**LISTED ENTRIES:**
--------------------------------------------------
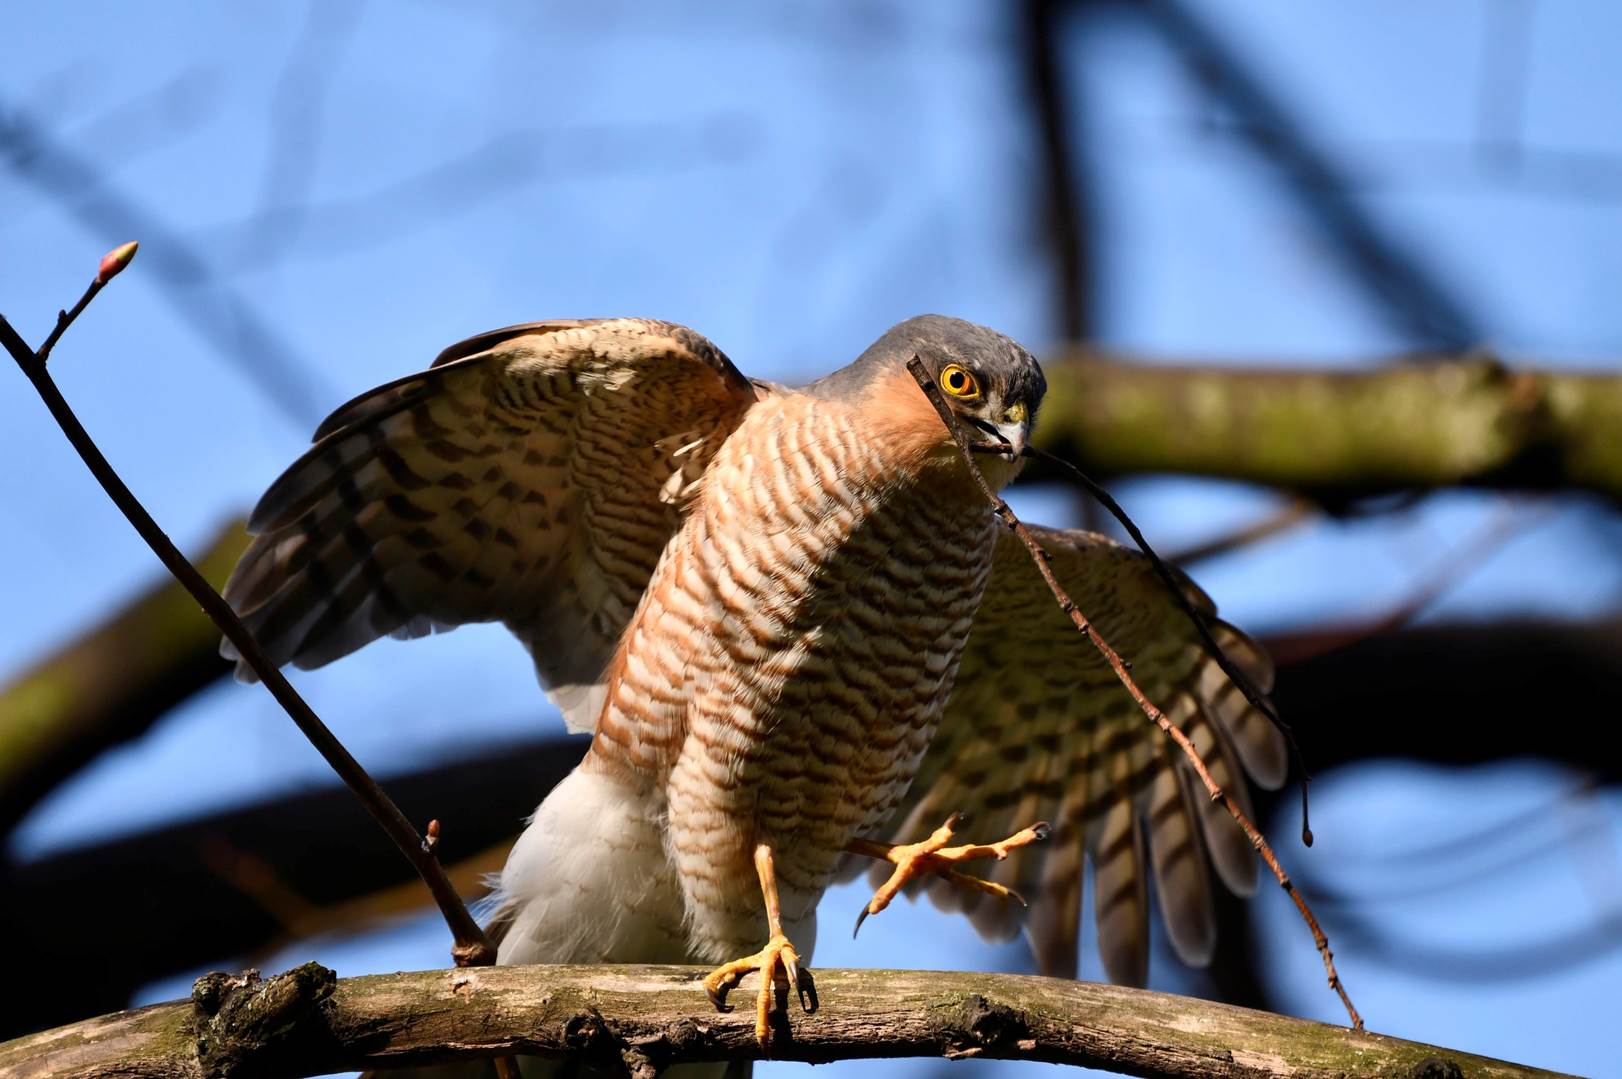 A hawk perched on a tree branch

Description automatically generated
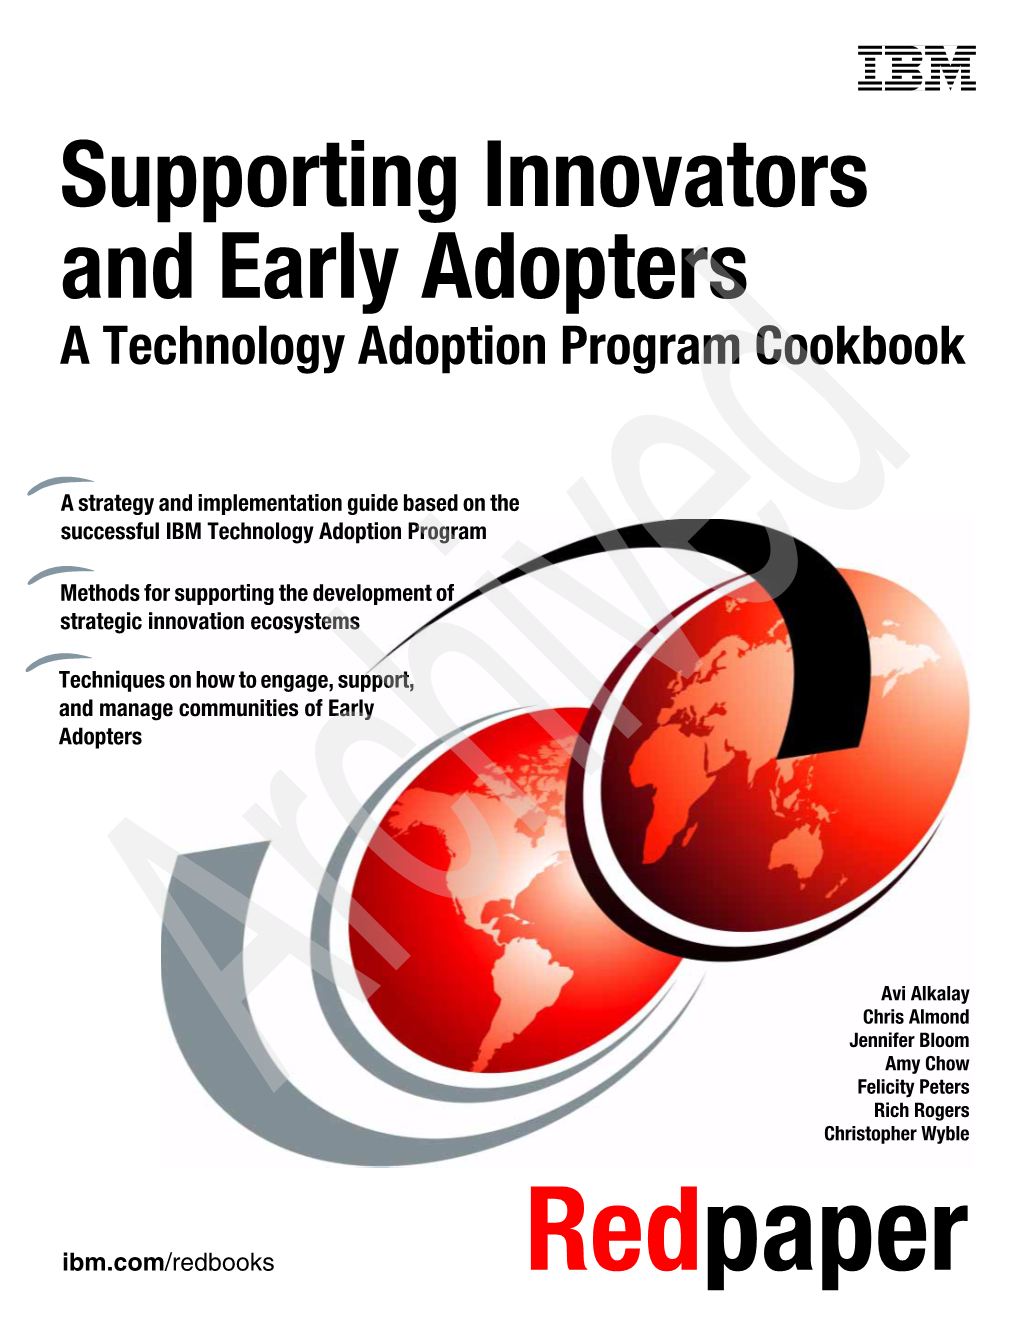 Supporting Innovators and Early Adopters a Technology Adoption Program Cookbook
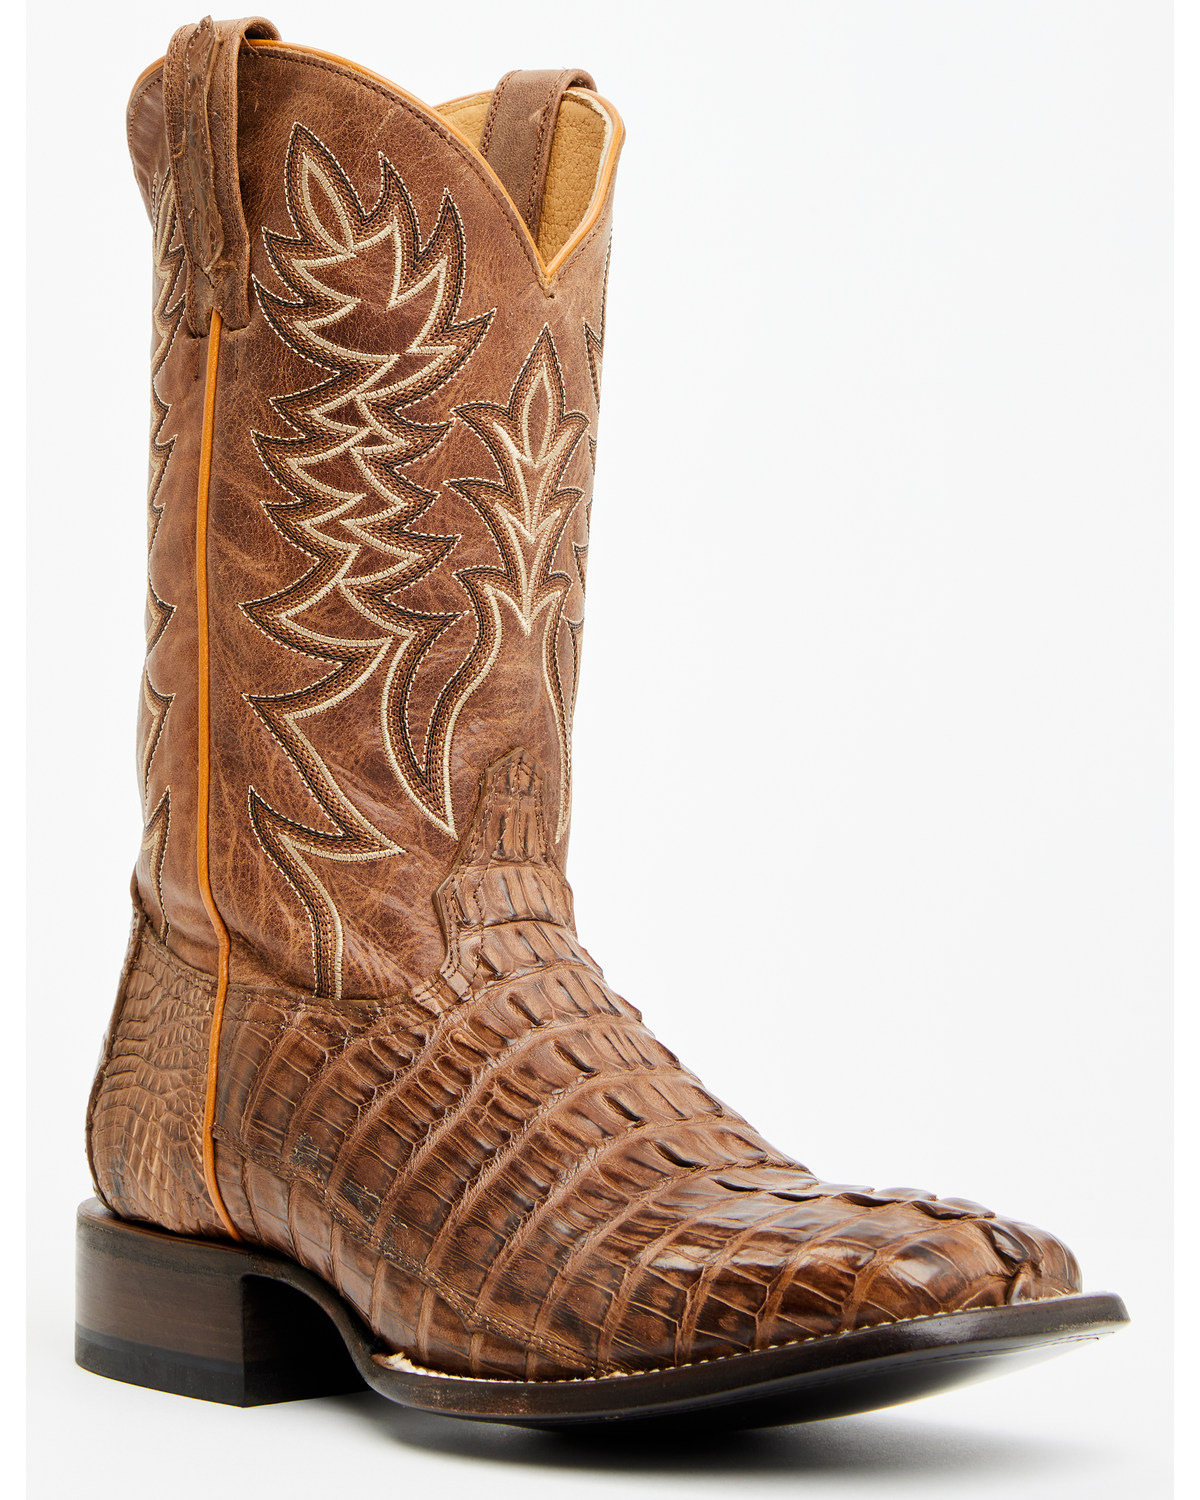 Cody James Men's Exotic Caiman Tail Western Boots - Broad Square Toe
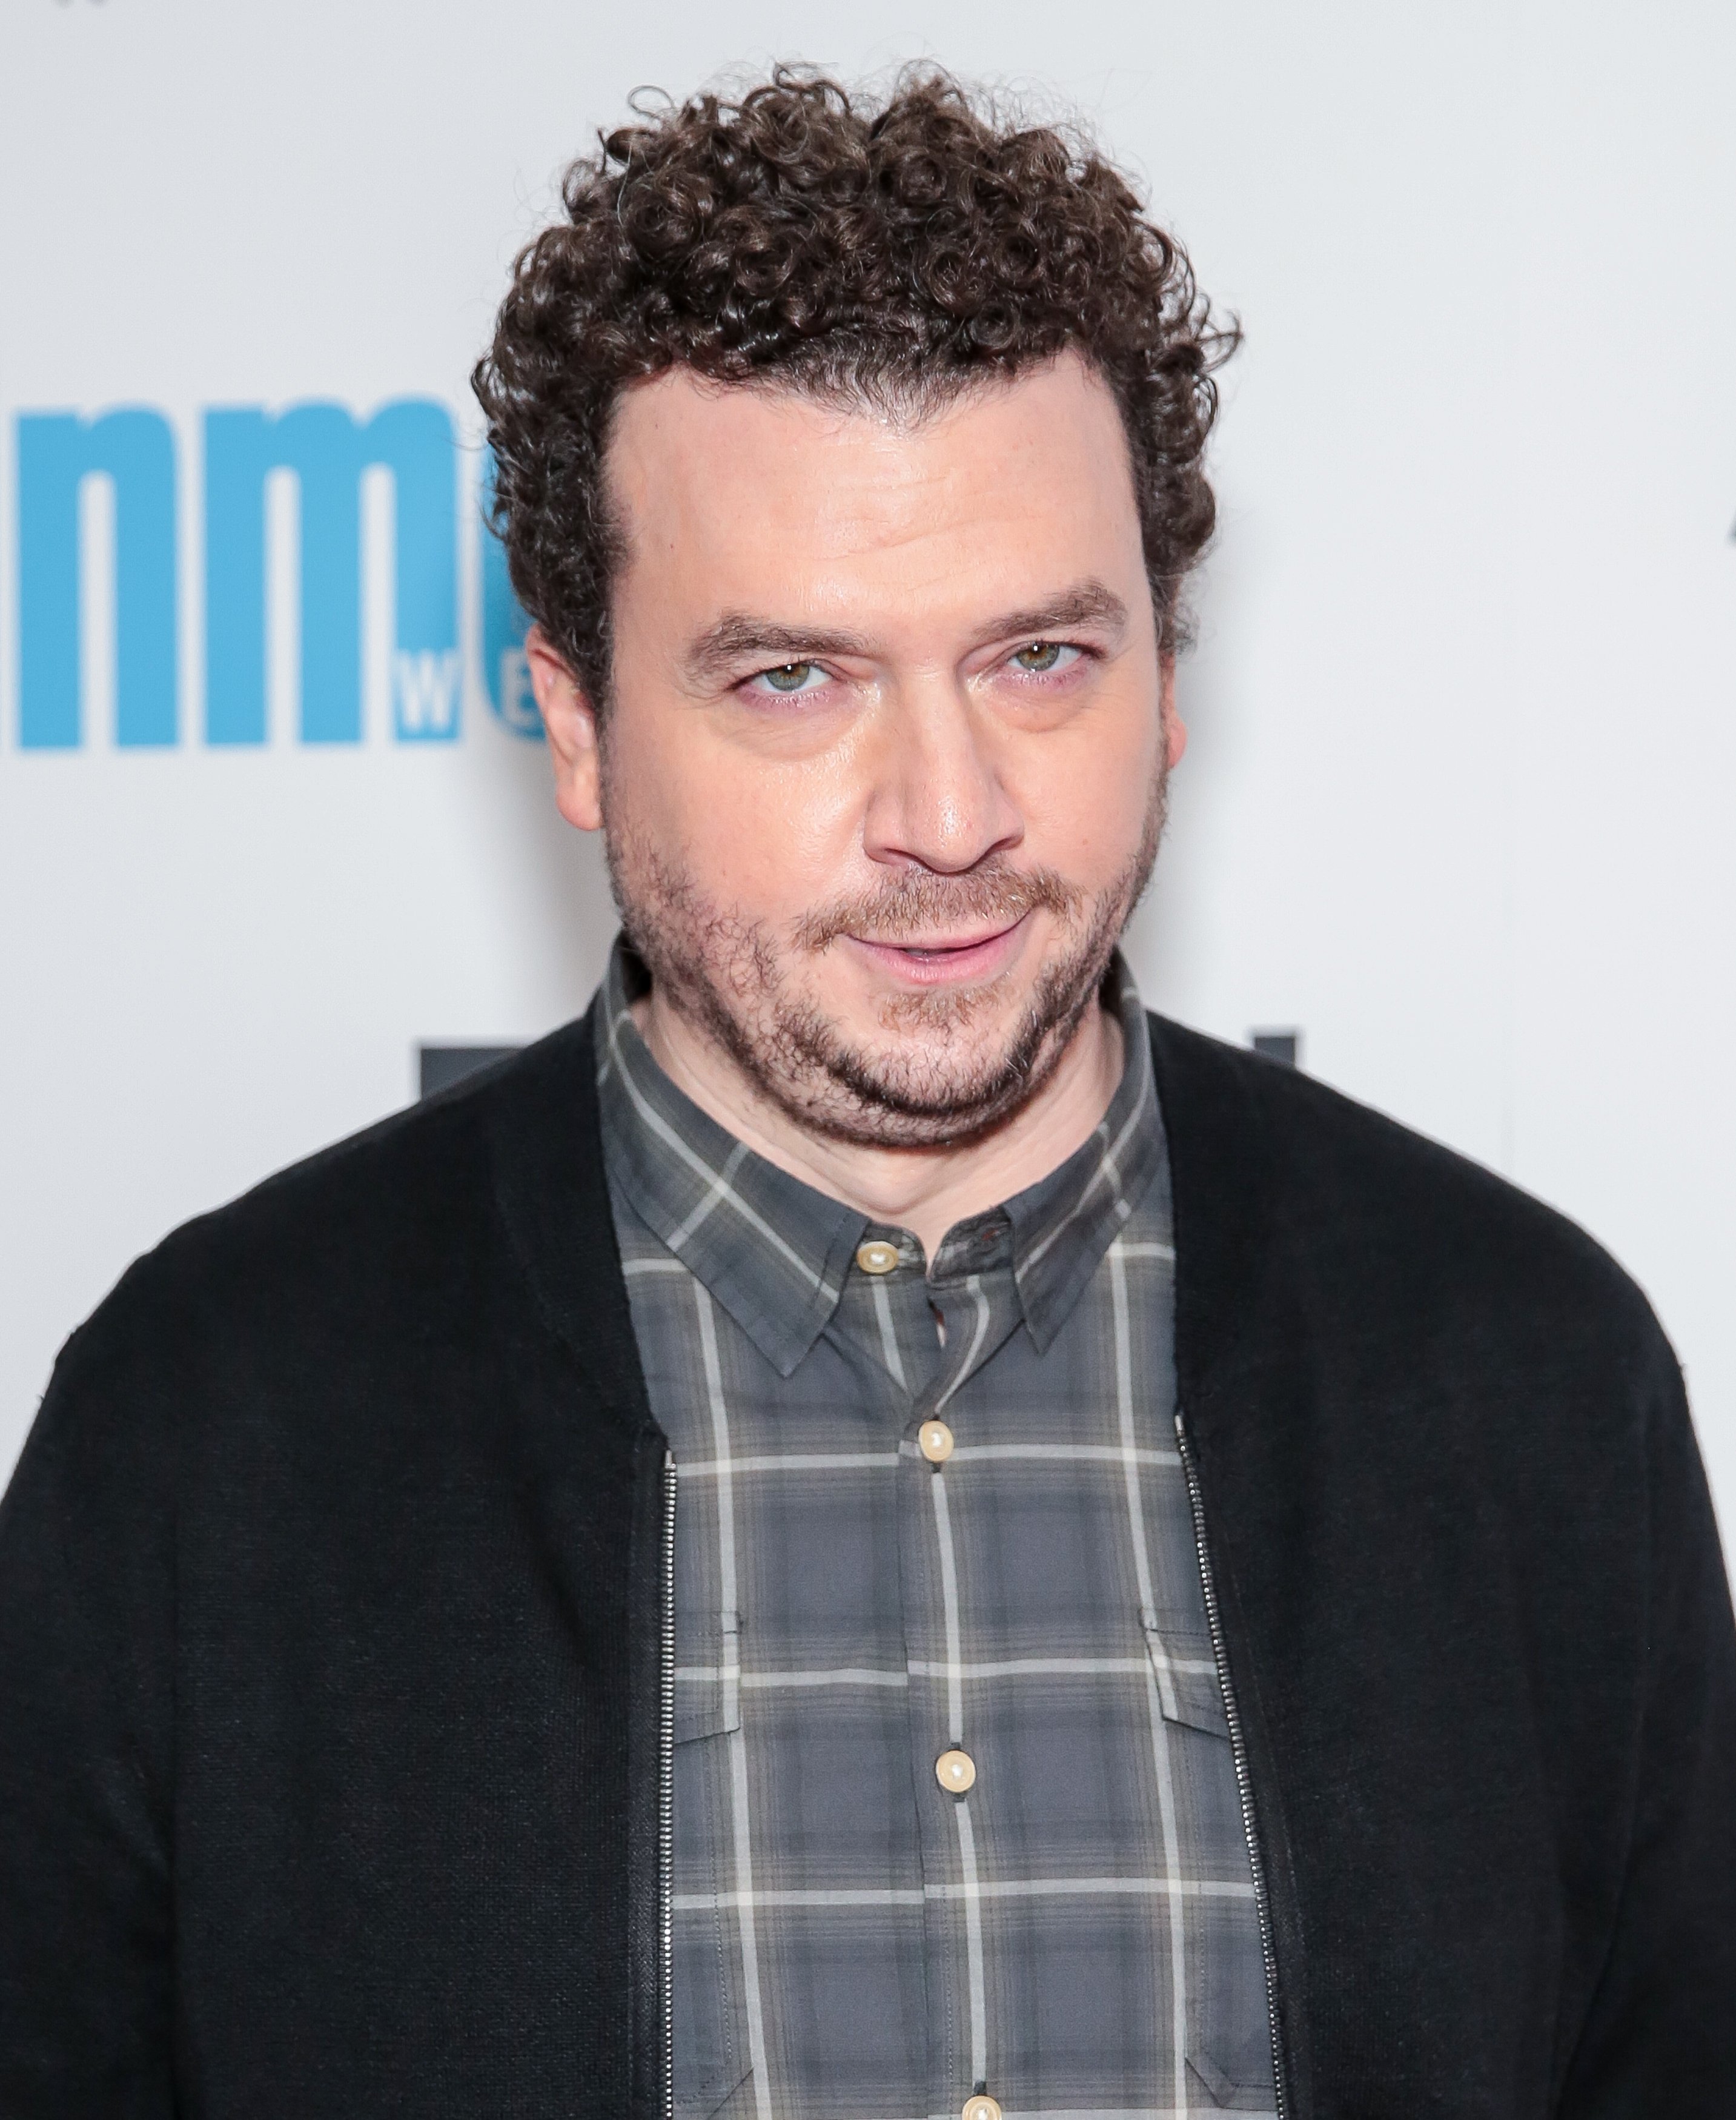  Danny McBride attends the 'Alien Covenant' special screening at Entertainment Weekly on May 15, 2017 in New York City. | Source: Getty Images
--------------------------------------------------
**WORK REQUIRED:** Starting at the line with "Description automatically generated", output each line through the final one of the listing above, and nothing else. Pictures are to be left out.

**ANSWER FOR THE TASK:**
Description automatically generated
 Supporting Innovators and Early Adopters a Technology Adoption Program Cookbook
 Cody James Men's Exotic Caiman Tail Western Boots - Broad Square Toe
  Danny McBride attends the 'Alien Covenant' special screening at Entertainment Weekly on May 15, 2017 in New York City. | Source: Getty Images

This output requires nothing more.